2.1 MSP - Marine Spatial Planning

Marine Spatial Planning1 is the ‘public process of analysing and allocating the spatial and temporal distribution of human activities to achieve ecological, economic and social objectives that are usually specified through a political process’. (Ehler and Douvere 2009)

Over the last few years, an increasing number of nations have begun to implement MSP at various scales, from local initiatives to transnational efforts. The motivation to do so has often come from the need to find suitable space for new maritime industries; improved coordination among sectors to reduce conflicts and create synergies, or the need to stop or even reverse negative environmental trends. (European Commission 2017b).

This chapter introduces important issues for MSP in the transboundary context, which is the situation in which most LMEs are situated.

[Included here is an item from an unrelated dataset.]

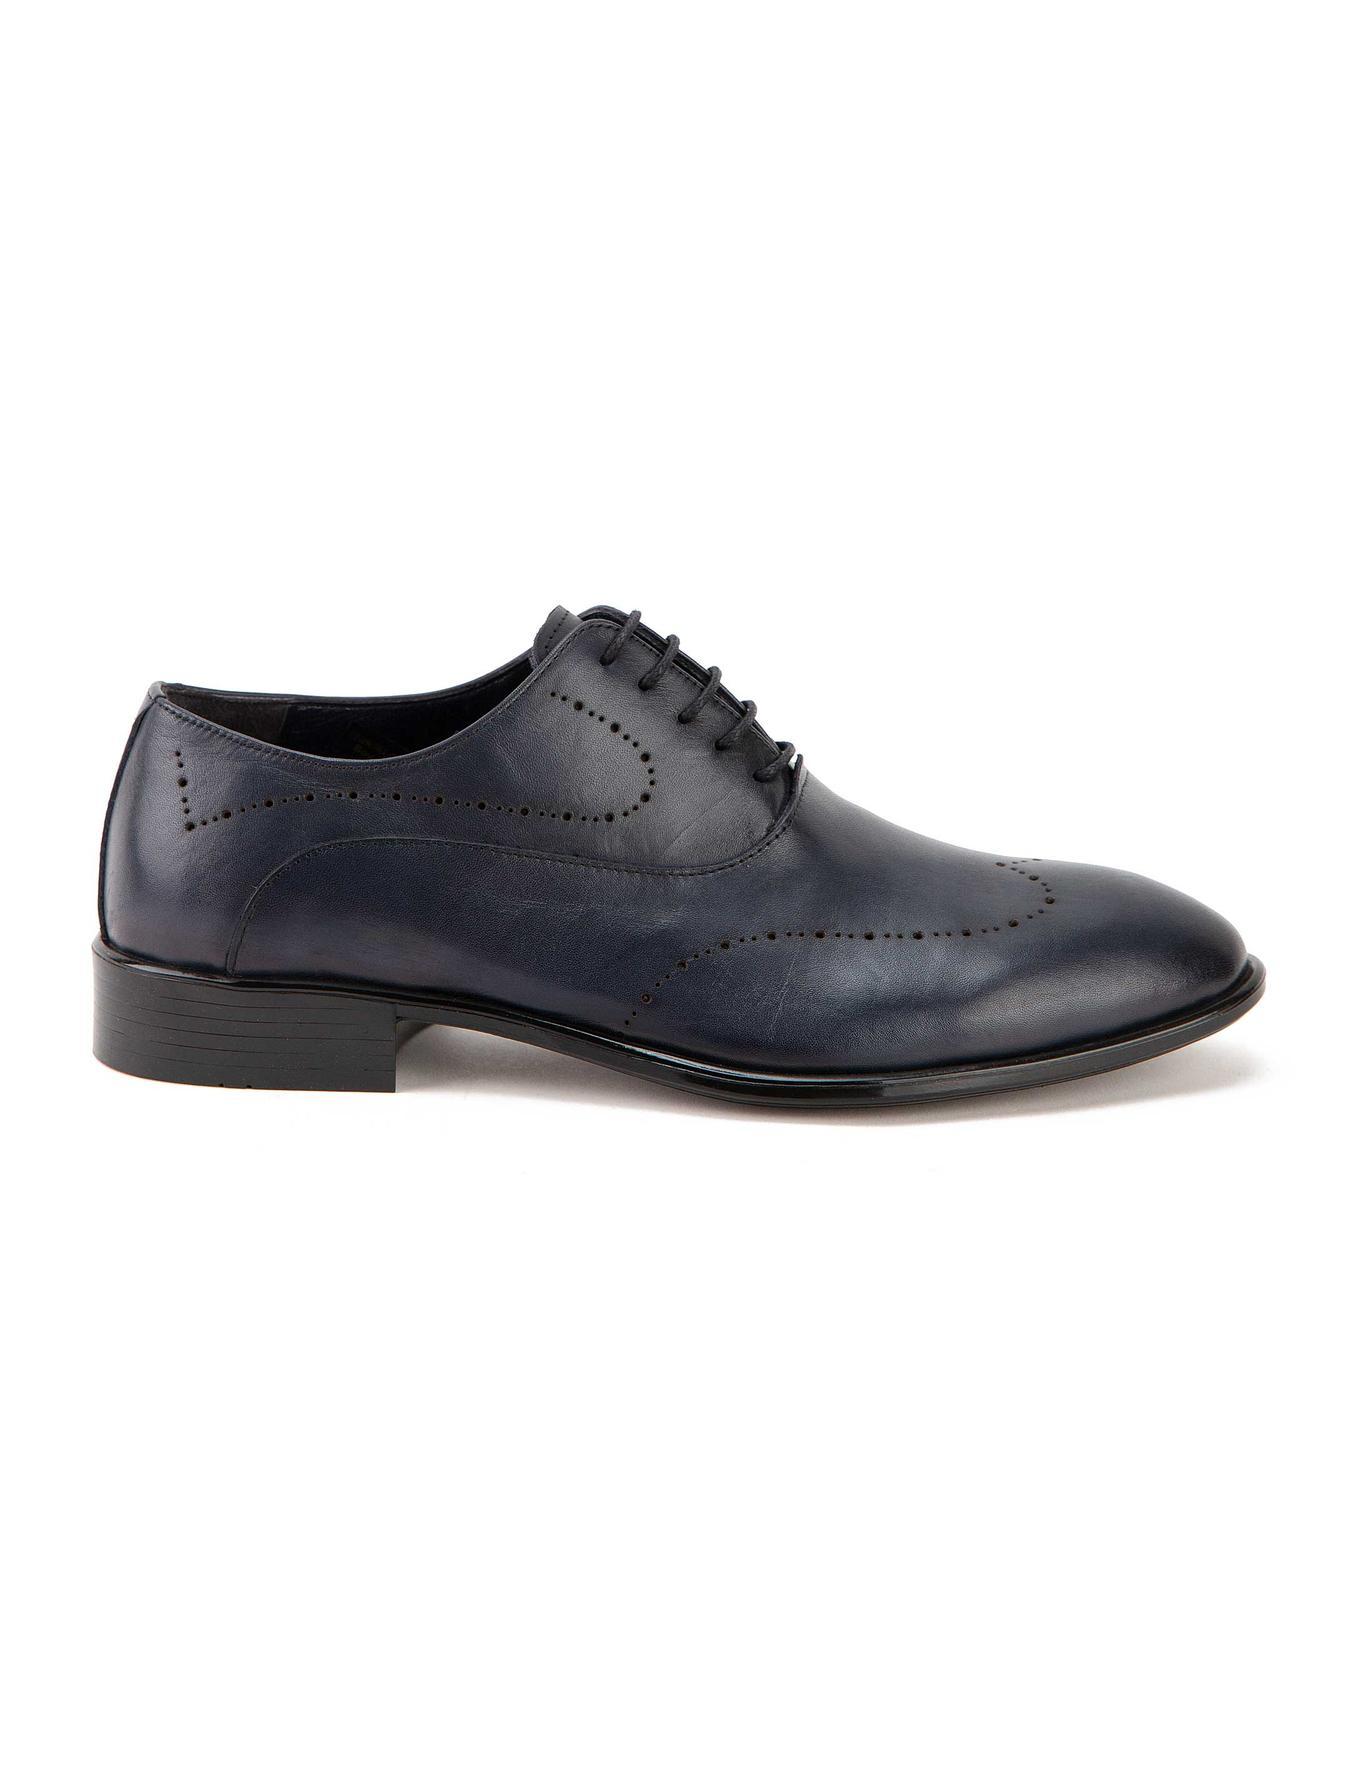 Lacivert Klasik Ayakkabı

These considerations are presented here as an introduction, and are further expanded and clarified in later chapters. Cross-references are included to guide the author to relevant sections where more information may be found.

2.2 Importance of issues of scale for LMEs

2.2.1 An ecosystem-based tool – but a national competence

Delineating boundaries is a fundamental part of the MSP process, as described in detail in Chapter 5 (5.2). This delineation is so far most often defined by political and jurisdictional borders, as MSP is normally conducted by national or sub-national authorities. Typically, these borders do not correspond to the limits of maritime activitiest or ecosystems.

At the same time, an MSP process is expected to apply an “ecosystem-based approach (EBA).” This approach refers to ”a strategy for the integrated management of land, water and living resources including humans and their institutions in a way that promotes conservation and sustainable use in an equitable way”2.

MSP is intended to inform the spatial distribution of maritime uses and activities in a sustainable manner that recognises and operationalises the following EBA elements (UNEP 2011):

1aligning with ecosystem boundaries;

2managing for multiple objectives/benefits;

3considering cumulative impacts;

4using best-available science and information;

5applying the precautionary approach to deal with uncertainty; and

6managing adaptively.

The application of EBA in MSP is an important issue for LME practitioners, as the majority of the 66 Large Marine Ecosystems (LMEs) around the world span across national jurisdictional boundaries. As a result, most LME boundaries do not always correspond to the given jurisdictional boundaries of the countries involved with potential authority over a formal MSP process. Therefore, there is the need to indicate which mechanisms and/or tools can concretely support implementing EBA in transboundary MSP, while at the same time respecting the political reality of two or more entities who are in charge of the MSP process, with each having individual jurisdiction and interests within this given ecosystem.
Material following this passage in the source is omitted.